I next found this quote – which I’ve meditated upon frequently over the years – by Marcus Chown, from The Magic Furnace: The Search for the Origins of Atoms  (2001), who noted that:

“Every breath you take contains atoms forged in the blistering furnaces deep inside stars.  Every flower you pick contains atoms blasted into space by stellar explosions that blazed brighter than a billion suns.  Every book you read contains atoms blown across unimaginable gulfs of space and time by the wind between stars.” (1)

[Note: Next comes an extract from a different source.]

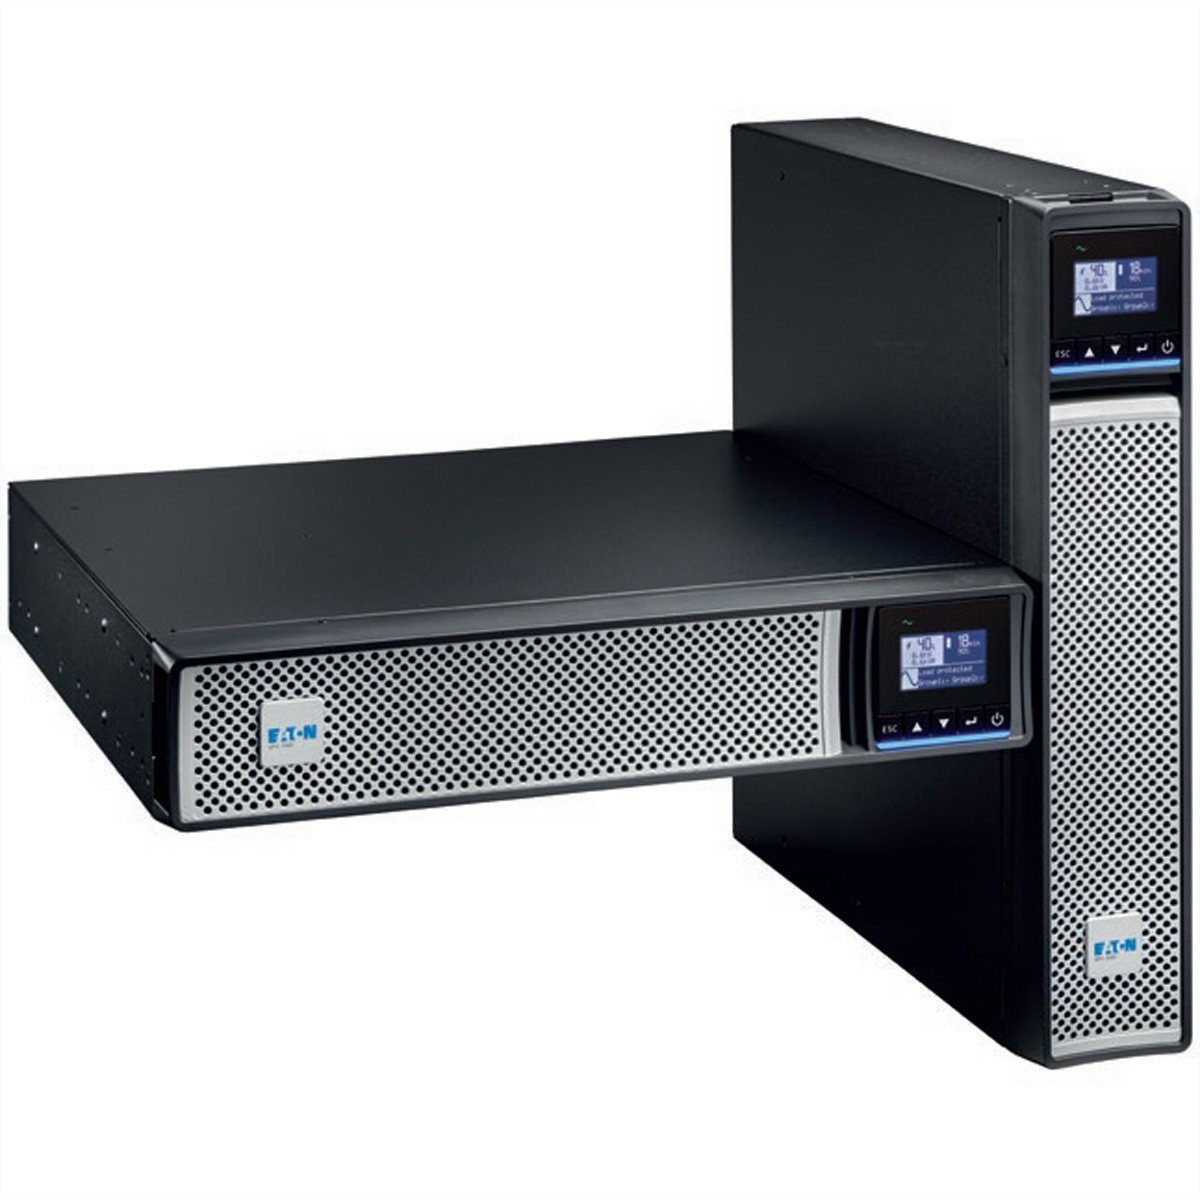 Eaton 5PX 1500i RT2U Netpack G2 1500 Watt 9min incl. Network management card - (Offline) UPS

When I first read these passages, the perspective was new to me, and I experienced a naturalistic revelation (revelatione natura)!  I was lifted a little further out of the darkness of mundane existence and inherited presuppositions, and there glimpsed something of the enigmatic beauty of the Earth & Cosmos.  Now, as I meditate upon each element in turn, and move beyond Iron (Fe 26) to Cobalt, Nickel, Copper, Zinc and beyond, I hope to find myself just a little better articulated with the natural world at every element than I was before taking up this form of “naturalistic devotion.”  The study of Nature holds revelations in store for us, and this is one of the draws of science; the sense that we are on a great journey of revelation, opening at every turn to the Earth & Cosmos through investigation, observation, experiment and the collation of data.
Meditation on the elements has nuanced the depth of my ongoing experience in the world and also connected me to the entire cosmos in a way that stirs me toward what I cam only call ‘cosmic communion;’ a sense of being One with the All.  Every time I reflect on the fact that distant stars and nebula are made of some of the same material elements as the air I breathe, the rocks I touch, the water I drink, as well as my own flesh and blood, I become enlivened with an earthen wonder that inspires and energizes me.  When I reflect on the fact of our having arisen from the ‘stuff’ made in early stars, I find myself both humbled and ennobled.  For me, this is what all genuine religions and spiritualities have sought to do; they show us our proper place in the scheme of things (i.e., they humble us), and then they inspire us to live life – the real life that we have to live – to the fullest.  For me, meditation on the Periodic Table has become a genuine ‘spiritual’ experience in this sense.


“Not unlike music and literature, chemistry is described in terms of its elements and has a theory based on fundamental principles.  And, as with music and literature, there is much in chemistry that is art as well.” (41)
     - Cathy Cobb and Monty Fetterolf’s
       The Joy of Chemistry (2005)

1 comment:

  1. I have been asked about the process of meditation and how to use the cards.

    I think the best way to use the cards is to first look through them one by one in order during a single meditation session, or perhaps before meditation, and read the name of the element and its abbreviation or number. Then,the next time you meditate, take the first card (ie., Hydrogen), read the stats, read the description on the back of the card, and then use the image on the card as a focus. Use it to 'clear' your mind and then reflect on the nature of the hydrogen atom and its role in the universe, as you understand it. The next day, move on to the next card.

    Before or after meditation, you can also go to the website -- periodictable.com -- and read more about each element. This is an extension of the discipline of "devout reading.'

    I think I will have to write a blog soon on the practice of meditation from a naturalistic perspective.